- [Task description] Only the lines from the one with "US-made cluster bomb" through the last line of the data below are to be duplicated, exactly and without pictures.

- [Dataset extract]
========
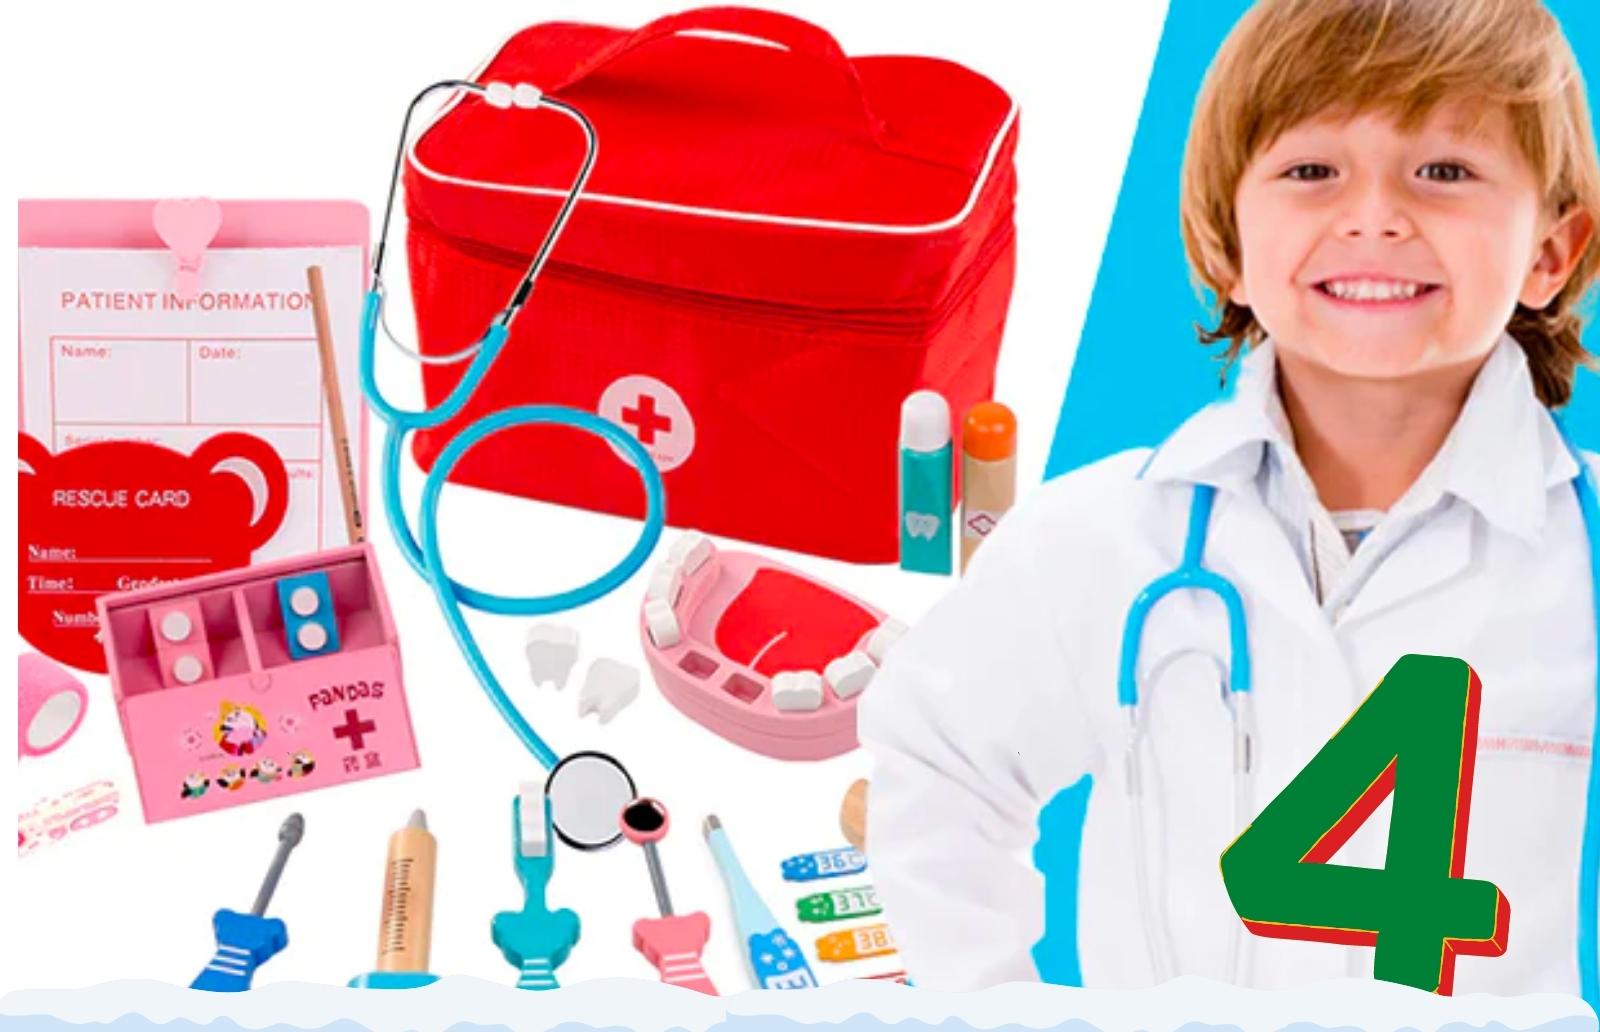 a-little-boy-with-his-doctor-kit-toy
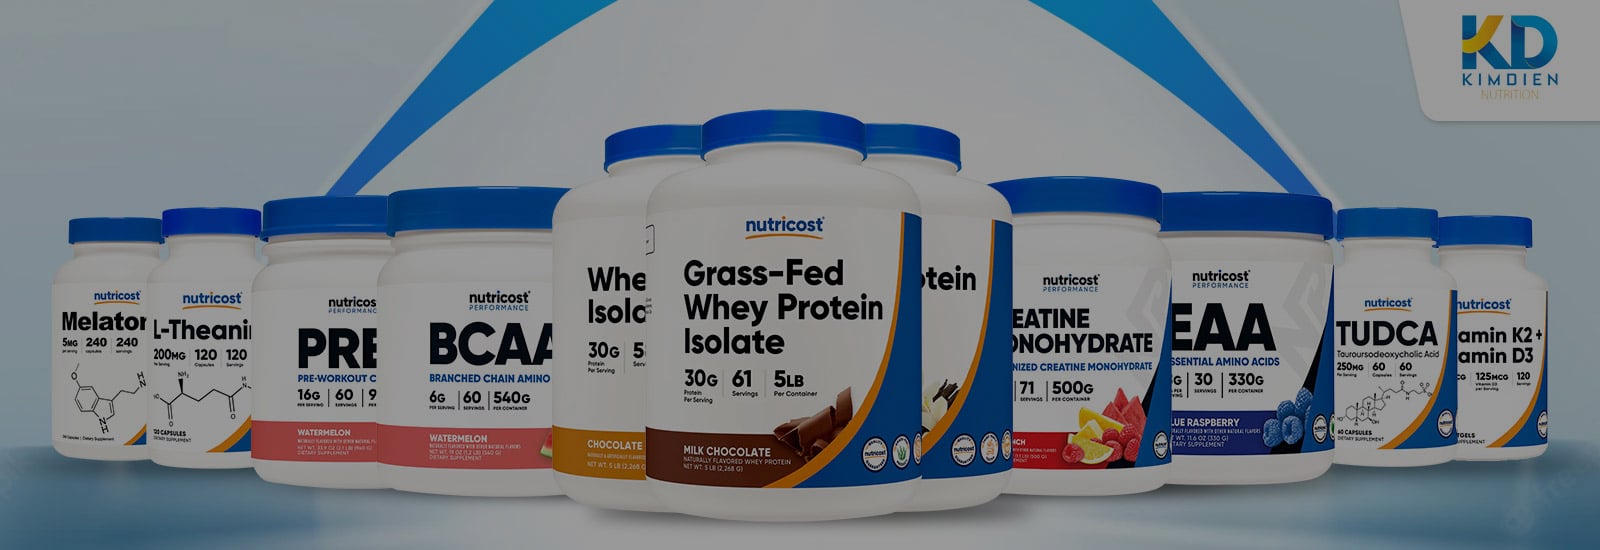 NUTRICOST
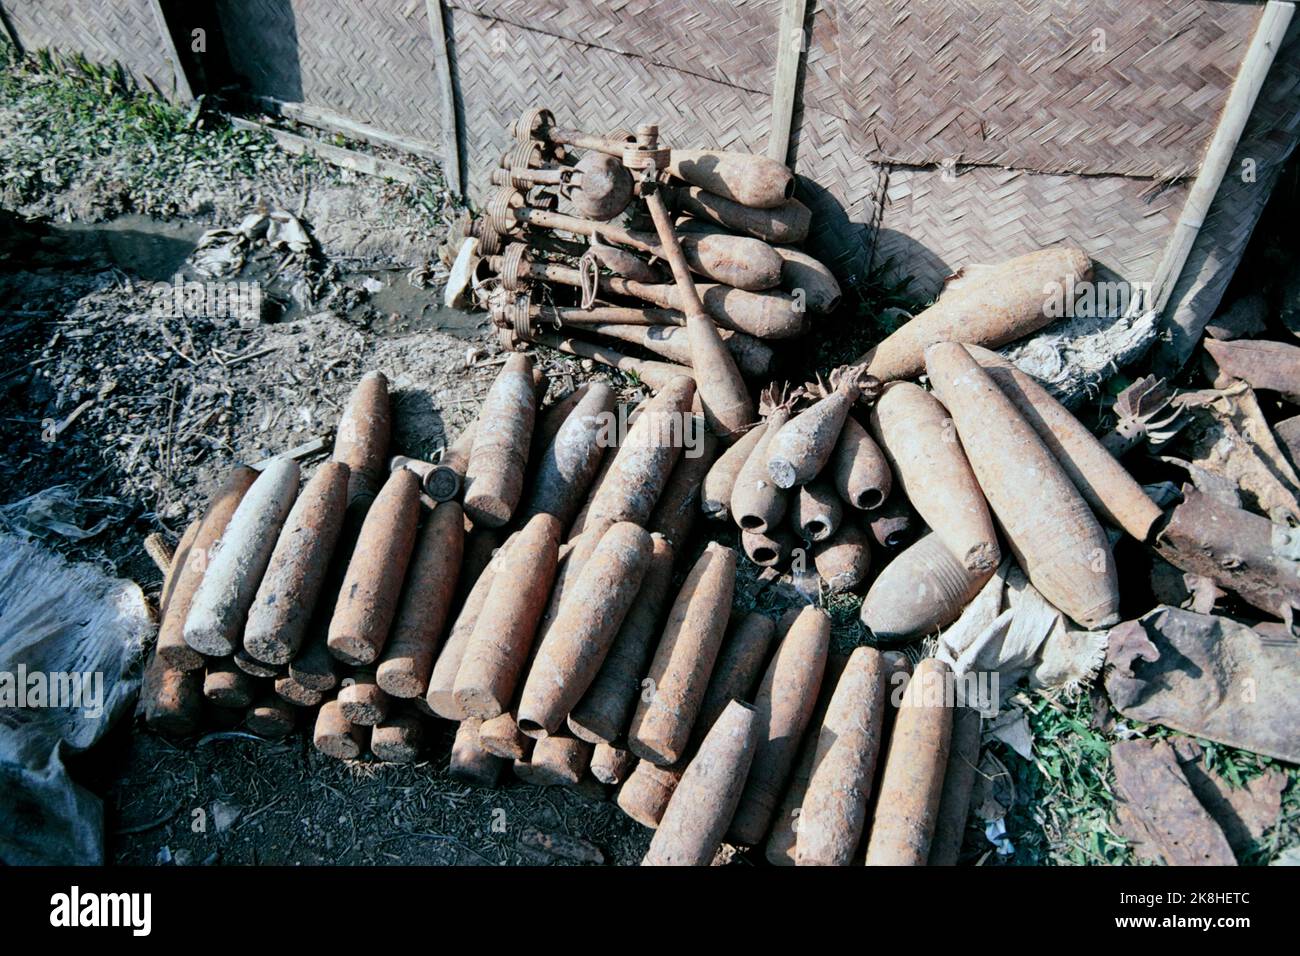 US-made cluster bomb casings collected and placed at roadside scrap yard, Plain of Jars, Laos 1997 Stock Photo
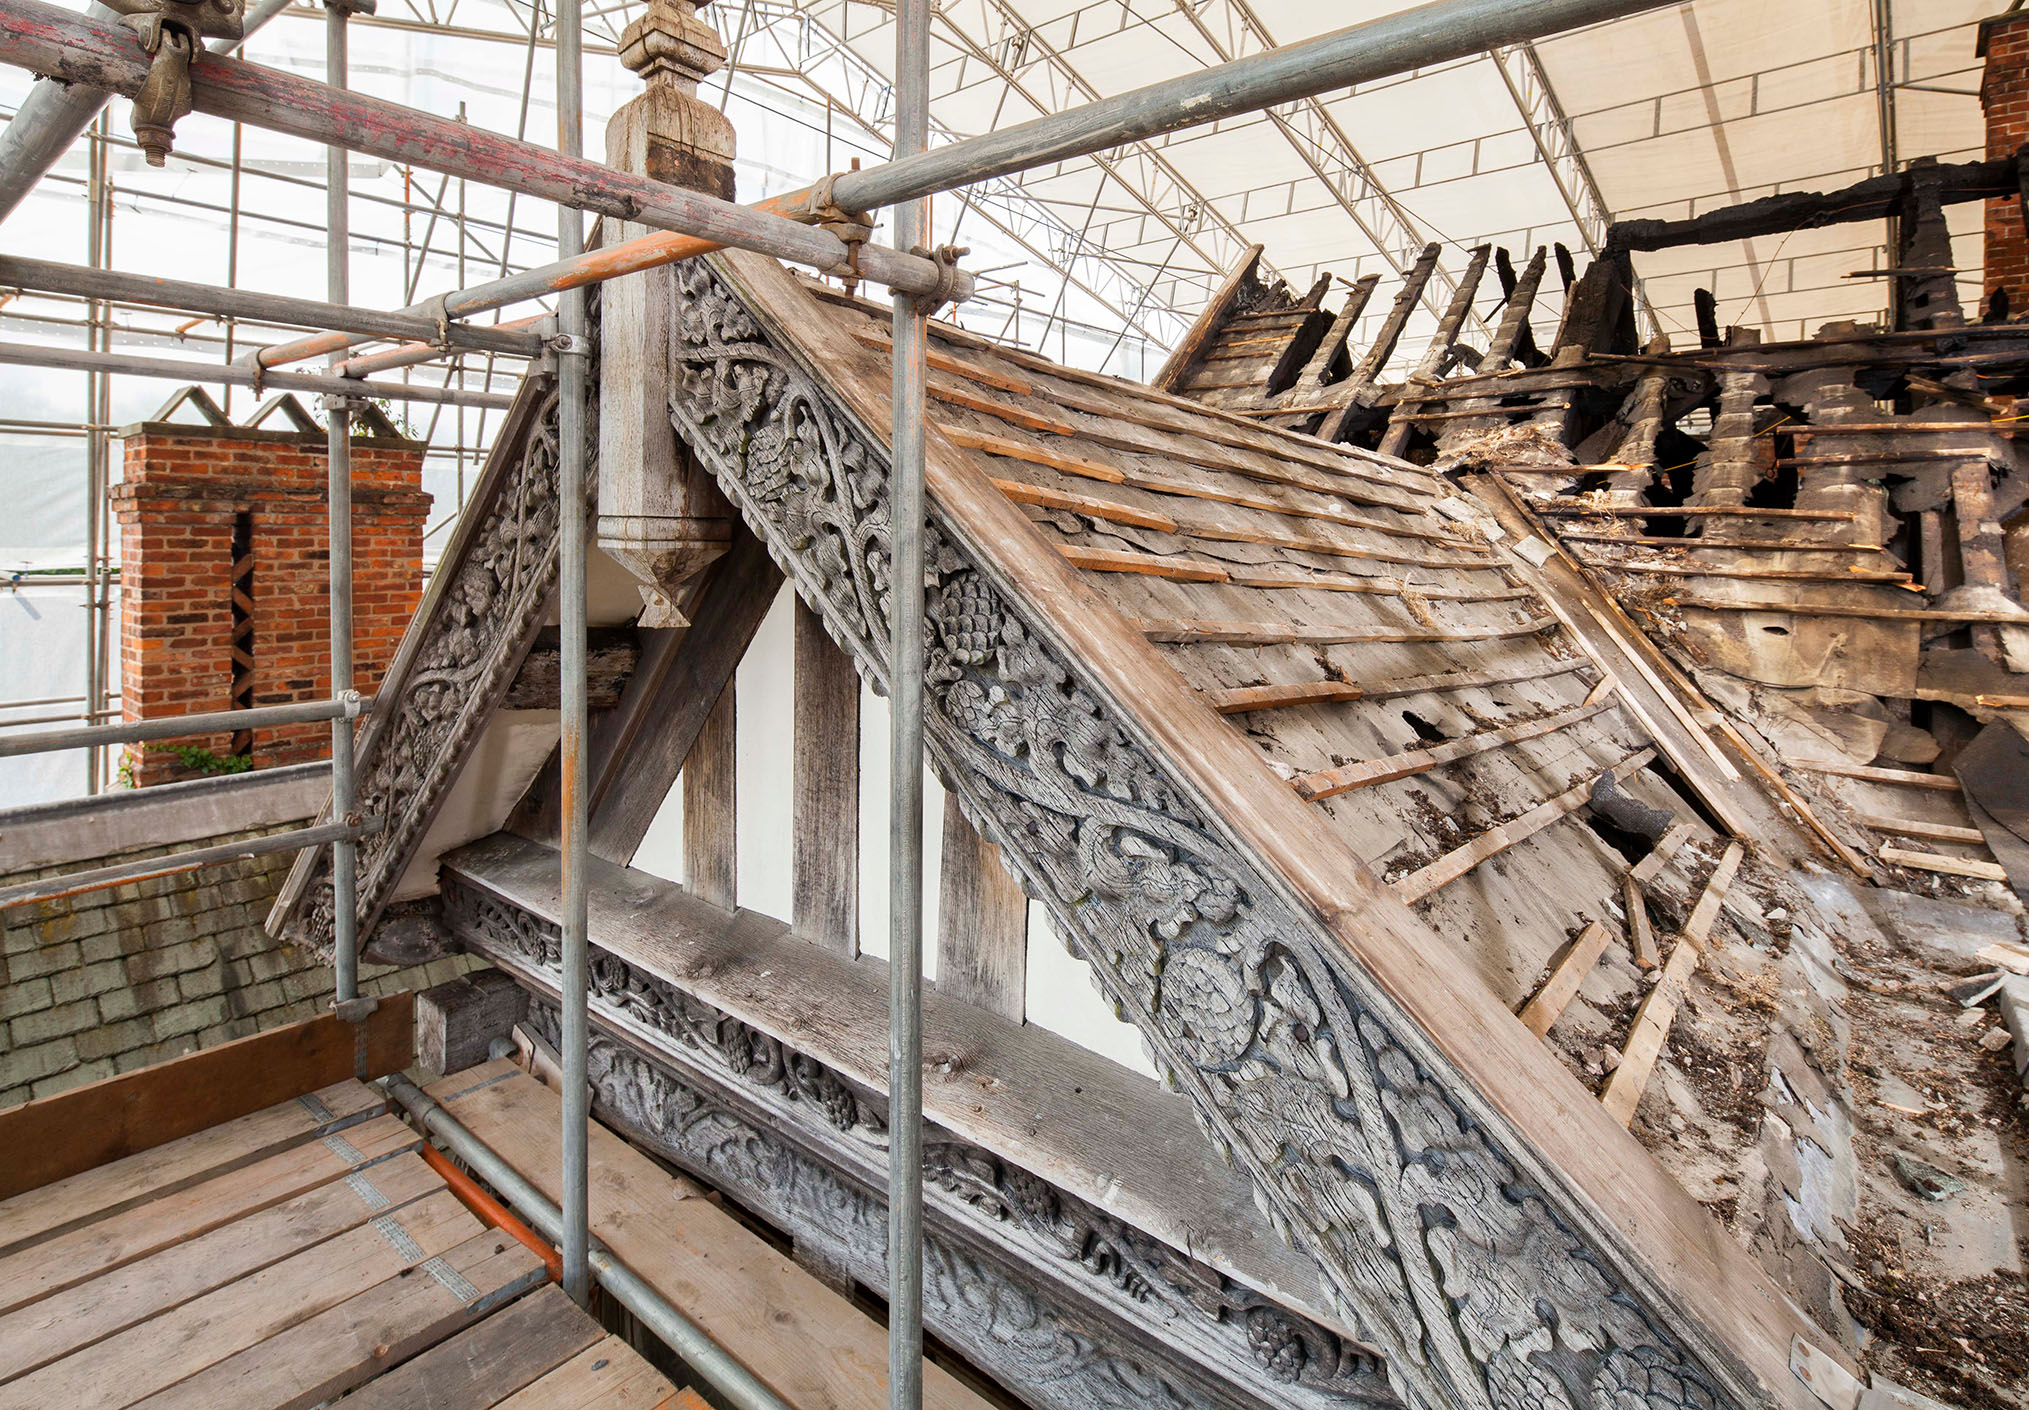 A view of decorated roof timbers at Grade II* listed Wythenshawe Hall, Manchester
========
- [Response to this task]
 US-made cluster bomb casings collected and placed at roadside scrap yard, Plain of Jars, Laos 1997 Stock Photo
 A view of decorated roof timbers at Grade II* listed Wythenshawe Hall, Manchester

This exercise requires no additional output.